Вот так, в издевках, миновали дни карантина, и выяснилось, что бараки вокруг совсем не пустые, какими выглядели вначале. Но люди в них были странные: сгорбленные, обнаженные по пояс старики, косматые, безобразные женщины со струпьями на ногах, ребятня с редкими длинными зубами: двое Ивановичей из Лимлян, Гатолин из Подгорицы, Кустудия, Калезич, Николица из Црмницы и несчастный растяпа, белая ворона Лойо.
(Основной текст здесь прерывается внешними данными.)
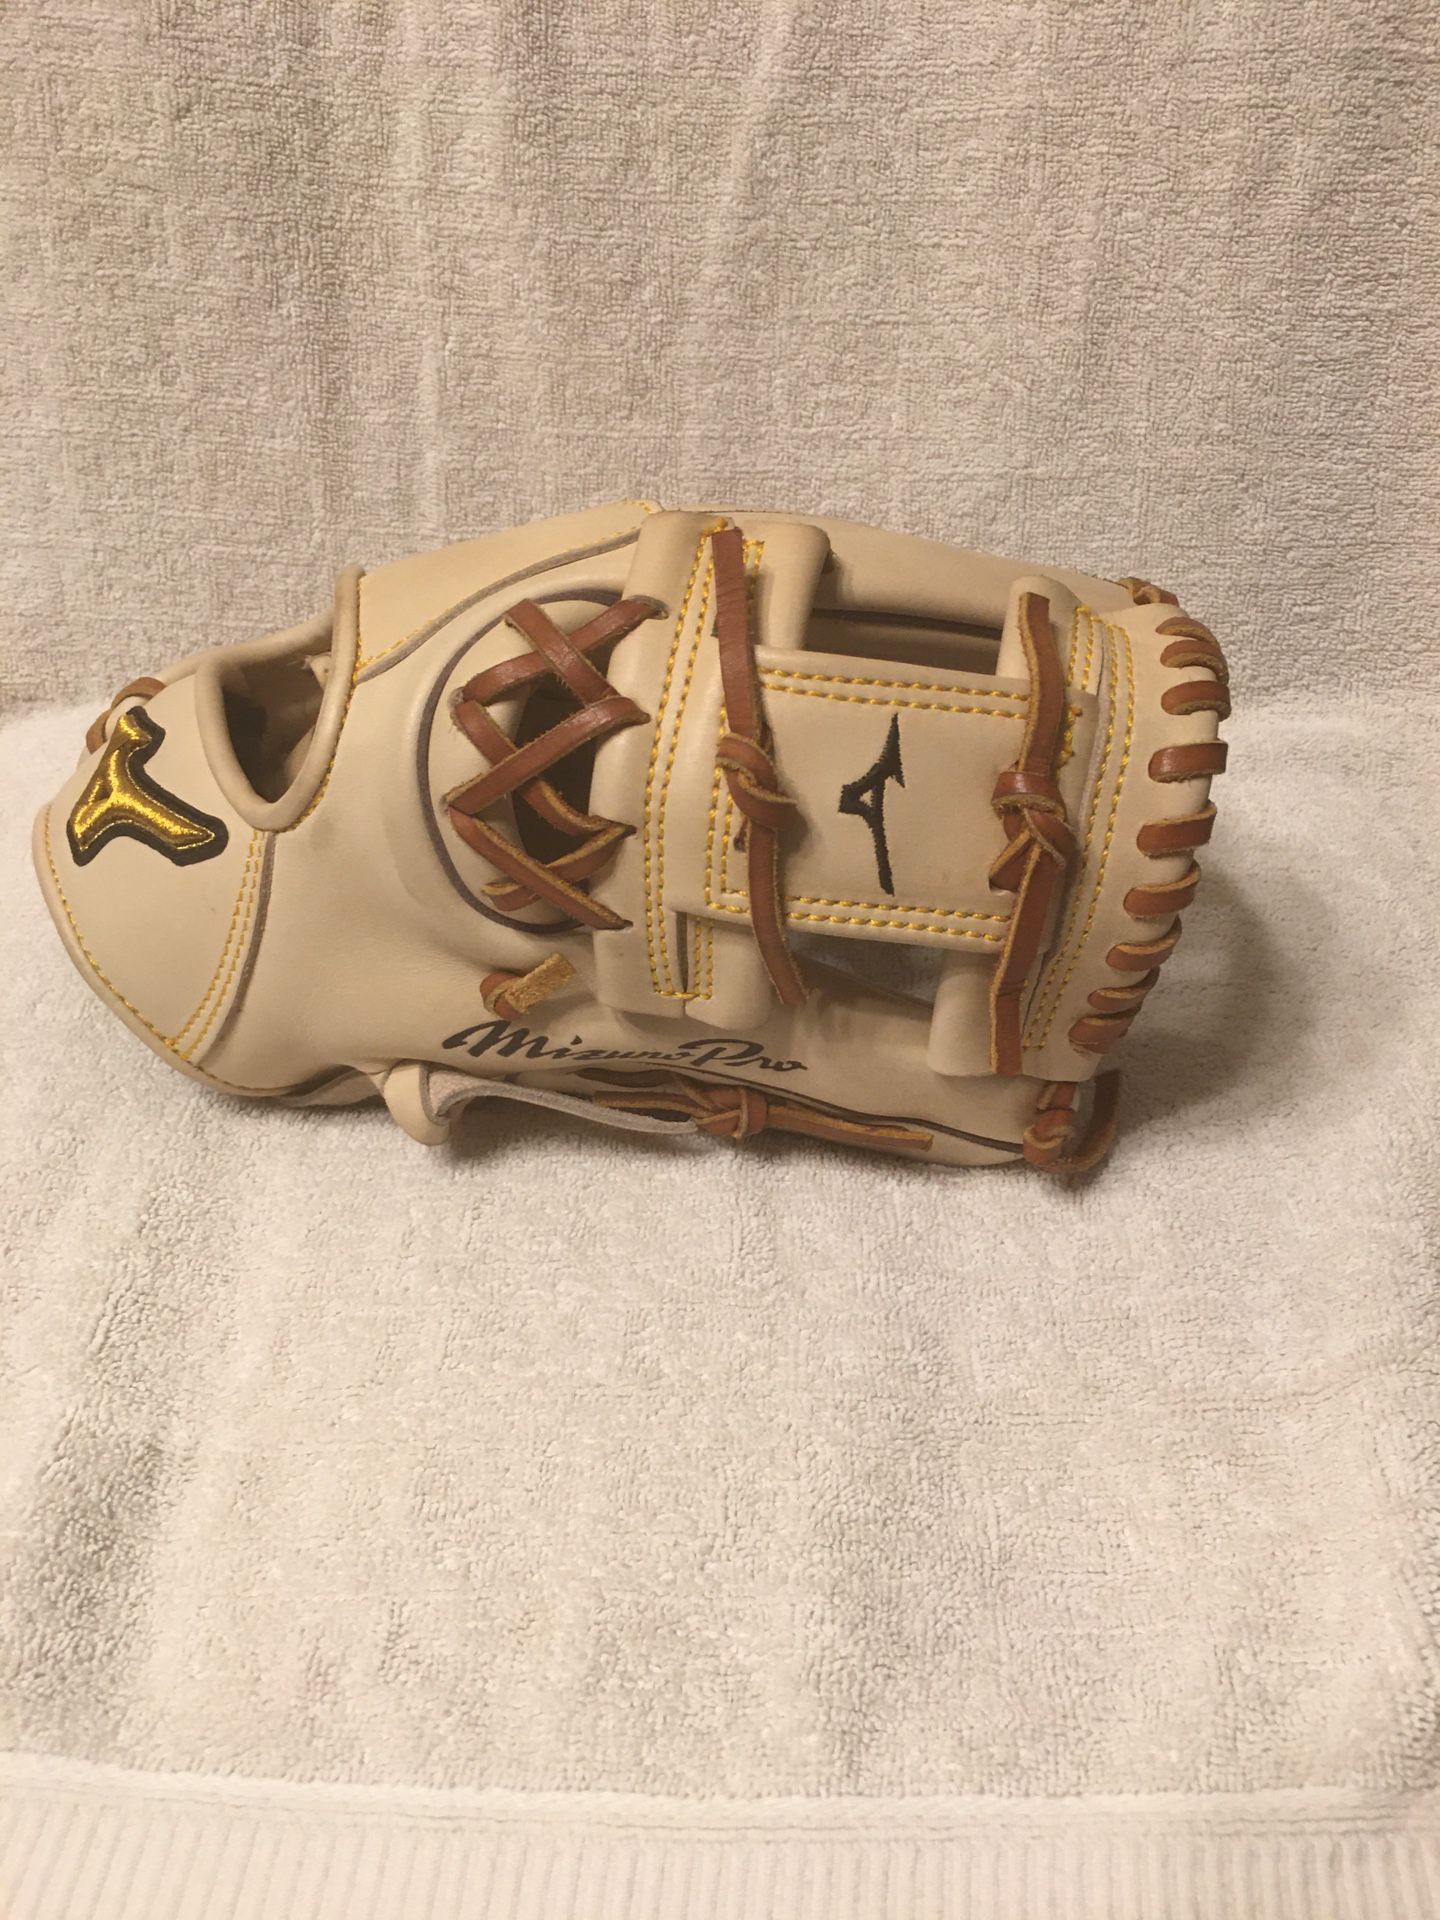 New Mizuno Pro baseball Softball Glove

Не успел Гаго с ними познакомиться, как пришлось расстаться, причем особого сожаления он не испытывал: бородач доктор и Перастый смилостивились и пустили его к матери, за ограду, отделявшую женские бараки. С тех пор ему стало легче. Или мать добывала немного еды, или женщины из Бараний и Цетинья зазывали в свой барак, просили спеть и угощали вскладчину нехитрыми домашними сладостями. Давили вшей, оберегали от клопов, так что было ему в любом смысле лучше, чем его товарищам. Хотя и те успешней, чем взрослые, коротали дни, выпрашивая еду у часовых. Им было разрешено бродить по всей территории лагеря, даже подходить к проволоке. Если кто-нибудь из часовых казался им приветливым, или по крайней мере не злым, они подступали ближе и интересовались, сколько у него детей.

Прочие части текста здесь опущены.